Ac 27, 1-26
Le
texte (traduction : Bible de Jérusalem) :
« 1 Quand notre
embarquement pour l'Italie eut été décidé, on remit Paul et quelques autres
prisonniers à un centurion de la cohorte Augusta, nommé Julius.
2 Nous montâmes à bord d'un vaisseau
d'Adramyttium qui allait partir pour les côtes d'Asie, et nous prîmes la mer.
Il y avait avec nous Aristarque, un Macédonien de Thessalonique.
3 Le lendemain, nous touchâmes à
Sidon. Julius fit preuve d'humanité à l'égard de Paul en lui permettant d'aller
trouver ses amis et de recevoir leurs bons offices.
4 Partis de là, nous longeâmes la
côte de Chypre, parce que les vents étaient contraires.
5 Traversant ensuite les mers de
Cilicie et de Pamphylie, nous arrivâmes au bout de quinze jours à Myre en
Lycie.
6 Là, le centurion trouva un navire
alexandrin en partance pour l'Italie et nous fit monter à bord.
7 Pendant plusieurs jours la
navigation fut lente, et nous arrivâmes à grand-peine à la hauteur de Cnide. Le
vent ne nous permit pas d'aborder, nous longeâmes alors la Crète vers le cap
Salmoné,
8 et après l'avoir côtoyée
péniblement, nous arrivâmes à un endroit appelé Bons-Ports, près duquel se
trouve la ville de Lasaïa.
9 Il s'était écoulé pas mal de
temps, et la navigation était désormais périlleuse, car même le Jeûne était
déjà passé. Paul les en avertissait :
10 " Mes amis, leur disait-il,
je vois que la navigation n'ira pas sans péril et sans grave dommage non
seulement pour la cargaison et le navire, mais même pour nos personnes. "
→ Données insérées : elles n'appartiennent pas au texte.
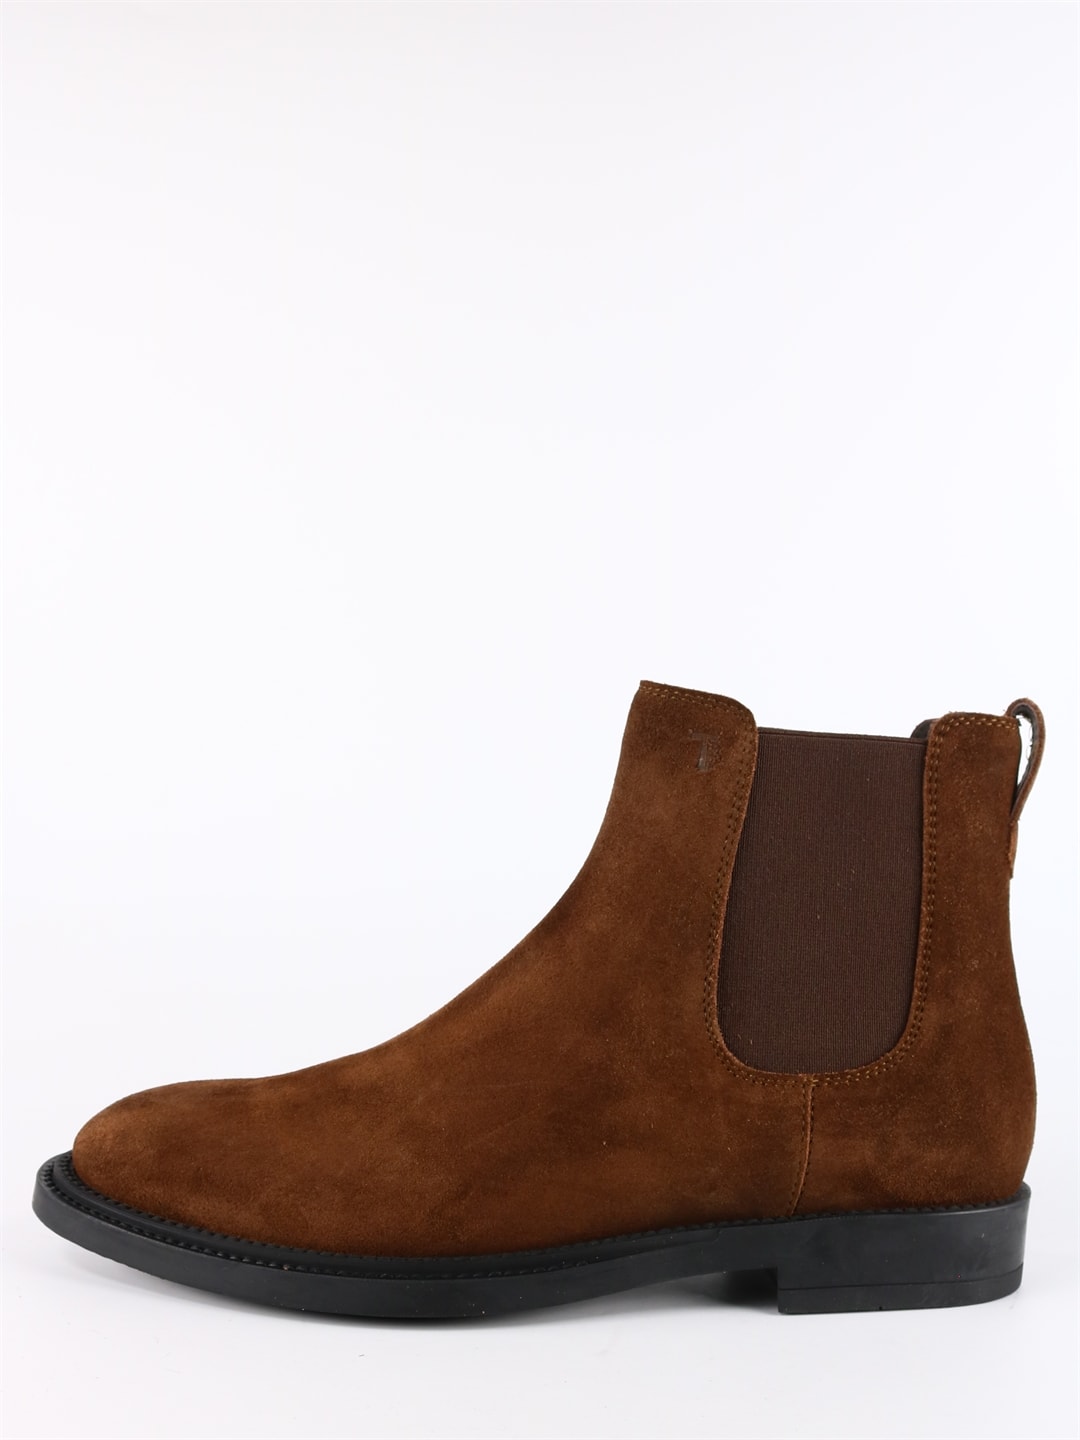 Tods Chelsea Boots Brown Suede

11 Le centurion se fiait au
capitaine et à l'armateur plutôt qu'aux dires de Paul ;
12 le port se prêtait d'ailleurs mal
à l'hivernage. La plupart furent donc d'avis de partir et de gagner, si
possible, pour y passer l'hiver, Phénix, un port de Crète tourné vers le
sud-ouest et le nord-ouest.
13 Un léger vent du sud s'étant
levé, ils se crurent en mesure d'exécuter leur projet. Ils levèrent l'ancre et
se mirent à côtoyer de près la Crète.
14 Mais bientôt, venant de l'île, se
déchaîna un vent d'ouragan nommé Euraquilon.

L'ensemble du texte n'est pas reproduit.